Retrait de 6'000 francs

                        h) Le prévenu ne conteste pas avoir, en décembre 2009, retiré un montant de 6'000 francs sur le compte postal de A.________ SA, à titre d’avance de prime annuelle pour l’année 2009. Au sujet de ce prélèvement, le dossier contient les éléments suivants : une lettre du 5 avril 2018 du directeur de Y.________ selon laquelle le prévenu aurait opéré de la même manière avec la société A.________ SA que pour le retrait de 10'000 francs et qu’il se serait octroyé 6'000 francs de prime le 24 décembre 2009, également remboursée le 18 mars 2018; un extrait de compte mentionnant un débit de 16'000 francs effectué le 23 décembre 2009 ainsi qu’une quittance d’un retrait de 16'000 francs daté du même jour sur lequel figure les mentions manuscrites « 10'000 frs à C.________ ; 6'000 à prime X.________ de A.________ ». Le rapport annuel du 4 mai 2010 de C.________ et le procès-verbal du conseil d’administration de Y.________ du 27 avril 2010 ne font pas état de ce prélèvement. L’intéressé n’a pas été entendu par la police, le ministère public ou le tribunal de police à ce sujet spécifiquement. Il n’est dès lors pas possible de connaître les circonstances dans lesquelles est intervenu ce retrait et, en particulier, de déterminer si le prévenu a agi intentionnellement et dans le dessein d’un enrichissement illégitime. Faute de pouvoir établir les éléments constitutifs subjectifs de l’infraction en lien avec ce prélèvement, le prévenu ne saurait être condamné pour cet acte.

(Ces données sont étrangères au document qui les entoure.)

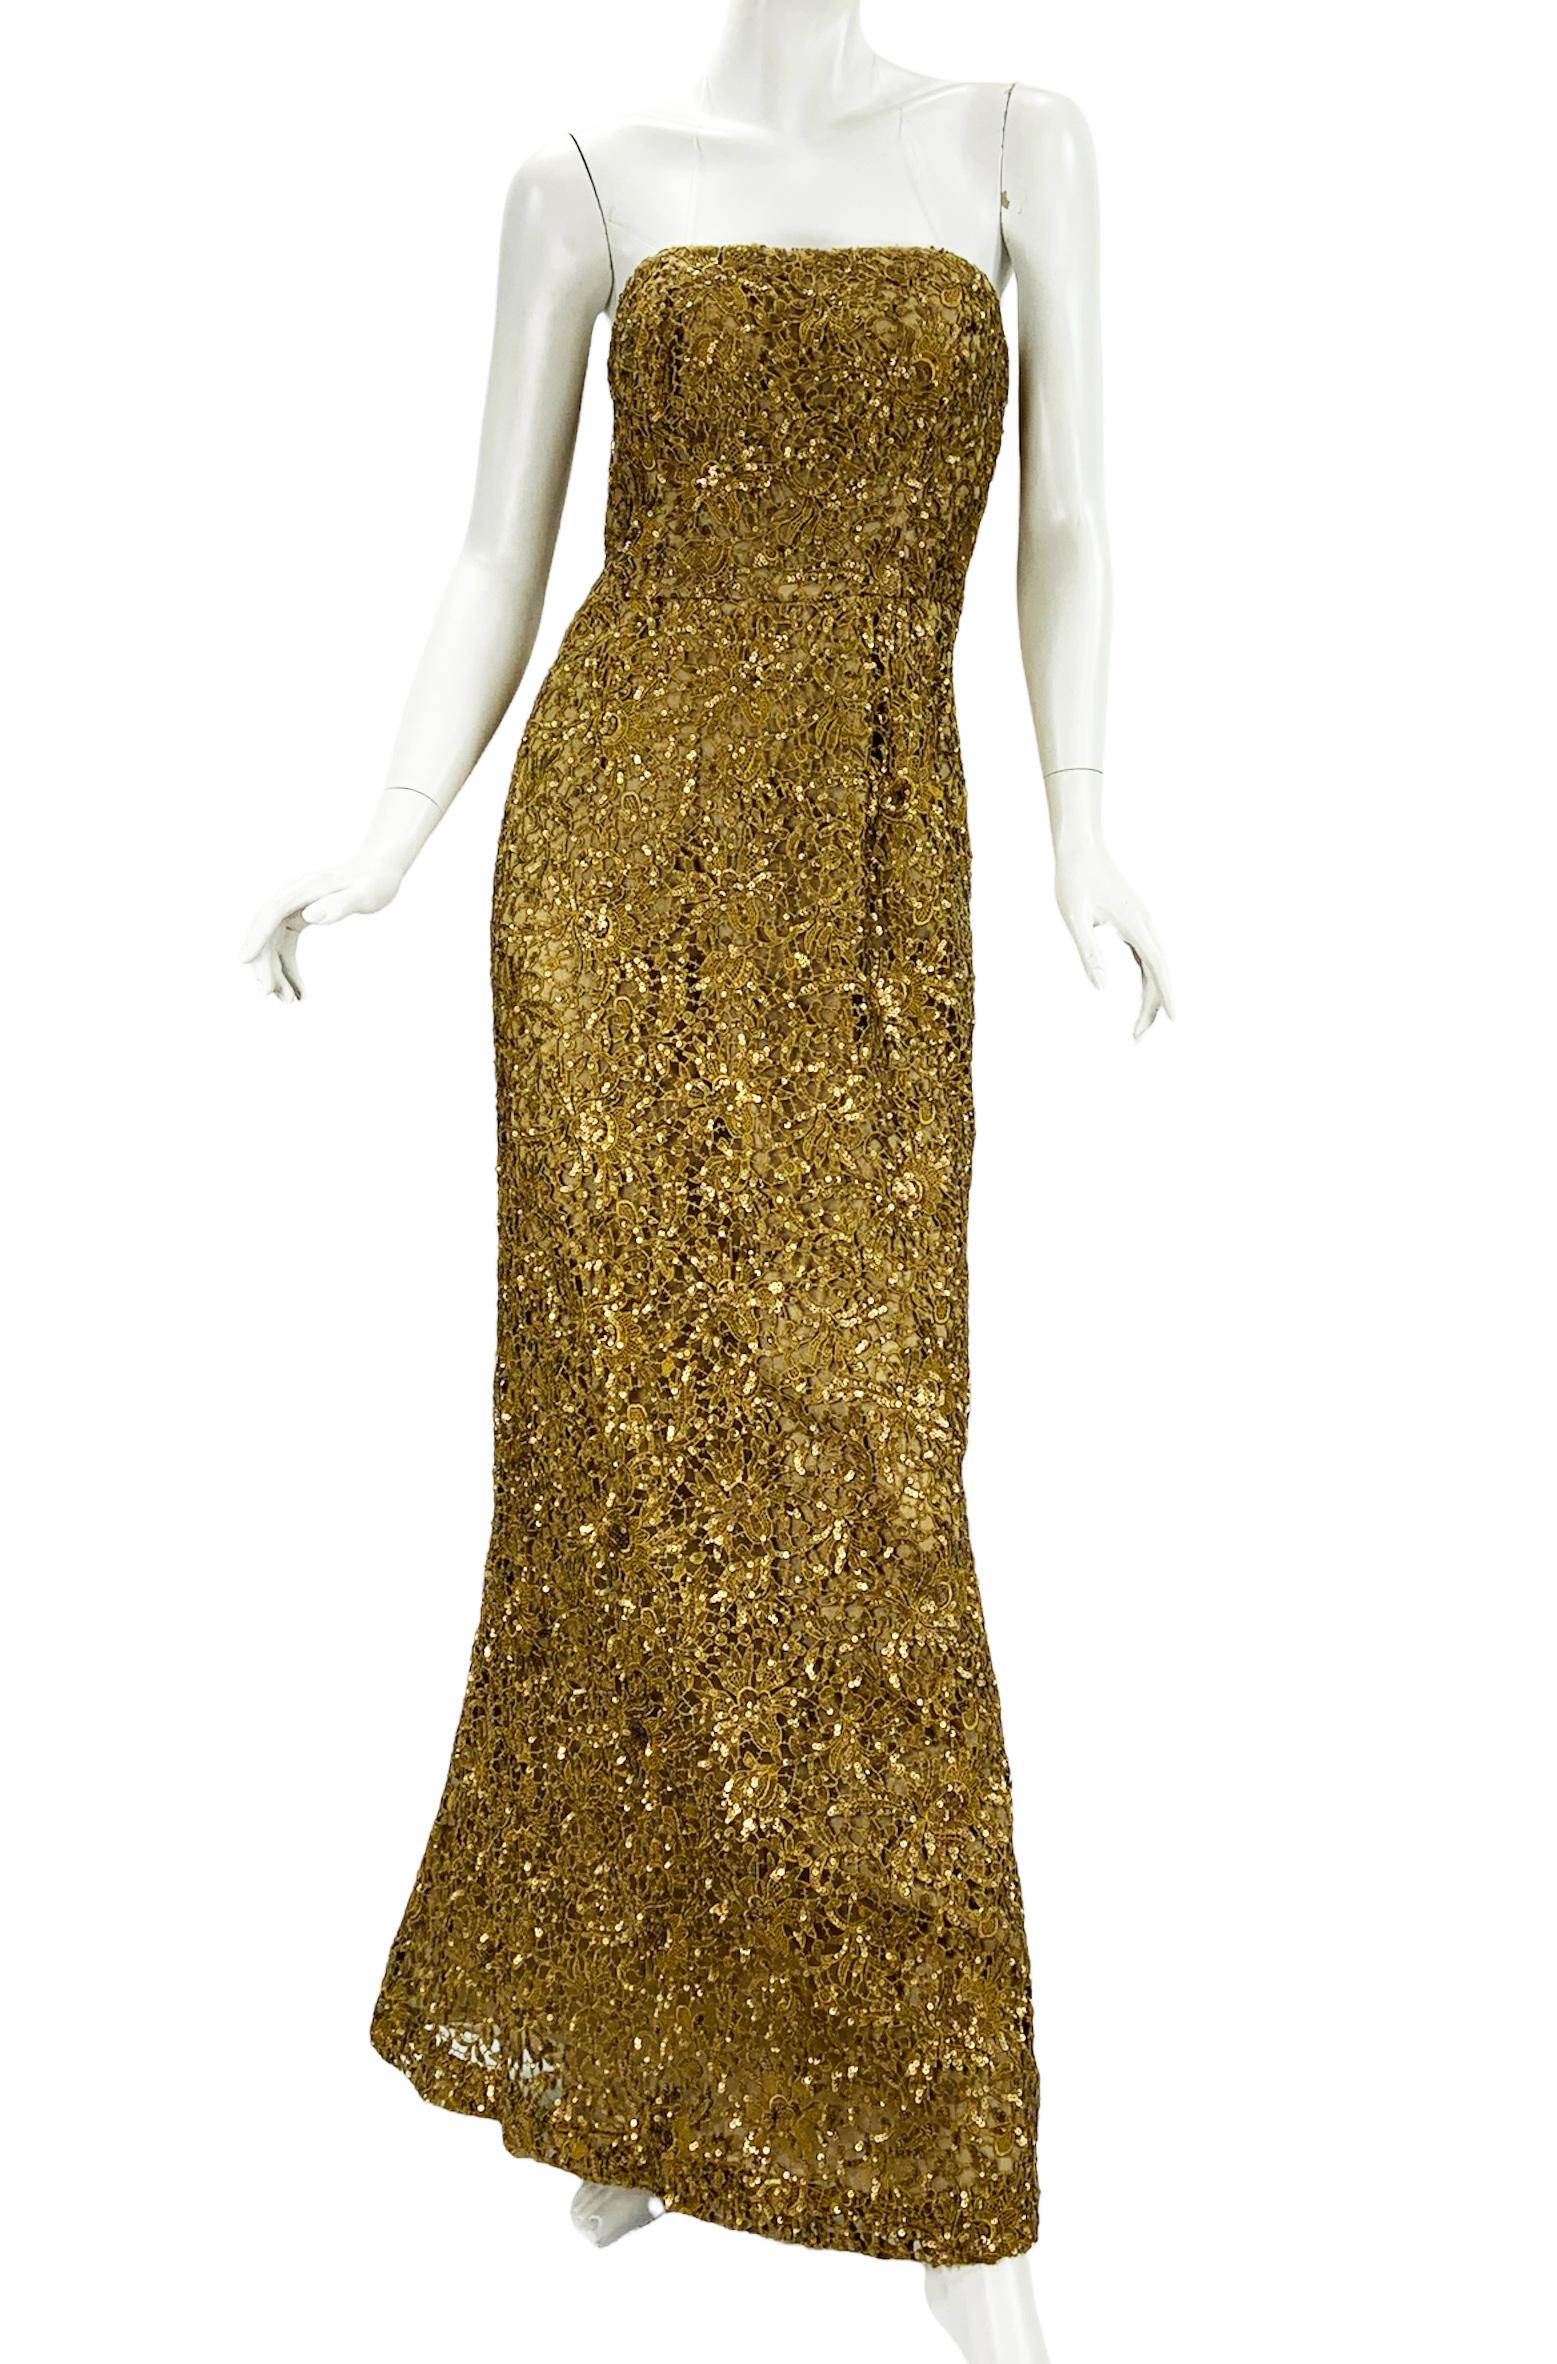 Oscar De La Renta PF 2012 Gold Lace Sequin Embellished Dress Gown + Jacket  For Sale 2

7.                                a) L’article 147 CP (utilisation frauduleuse d’un ordinateur) sanctionne celui qui, dans le dessein de se procurer ou de procurer à un tiers un enrichissement illégitime, aura, en utilisant des données de manière incorrecte, incomplète ou indue ou en recourant à un procédé analogue, influé sur un processus électronique ou similaire de traitement ou de transmission de données et aura, par le biais du résultat inexact ainsi obtenu, provoqué un transfert d’actifs au préjudice d’autrui ou l’aura dissimulé aussitôt après.

                        Cette infraction contre le patrimoine suppose, sur le plan objectif, une utilisation incorrecte, incomplète ou indue des données, une influence de cette utilisation sur le processus électronique ou similaire de traitement ou de transmission de données, l’obtention d’un résultat inexact, le fait que la manipulation aboutisse à un transfert d’actifs ou à sa dissimulation, un dommage patrimonial et un rapport de causalité entre tous ces éléments ; sur le plan subjectif, elle implique que l’auteur ait agi intentionnellement et dans un dessein d’enrichissement (ATF 129 IV 22 cons. 4.1).

                        L’utilisation frauduleuse d’un ordinateur s’apparente à l’escroquerie (art. 146 CP), dont elle se distingue toutefois en cela que l’auteur ne trompe pas un être humain pour le déterminer ainsi à des actes préjudiciables à ses intérêts pécuniaires ou à ceux d’un tiers, mais manipule une machine de manière à obtenir un résultat inexact aboutissant à un transfert d’actifs ou à sa dissimulation ; autrement dit, au lieu de tromper une personne, l’auteur fausse les conditions qui déterminent la réaction de la machine. En principe, l’infraction d’utilisation frauduleuse d’un ordinateur, qui a été introduite dans le code pénal pour combler une lacune et qui est parfois aussi qualifiée d’« escroquerie informatique », revêt ainsi un caractère subsidiaire par rapport à l’escroquerie ; si la manipulation d’une machine ne suffit pas pour obtenir le résultat, mais qu’il faut encore qu’une personne soit trompée, l’escroquerie prime l’utilisation frauduleuse d’un ordinateur (ATF 129 IV 22 cons. 4.2 et les références).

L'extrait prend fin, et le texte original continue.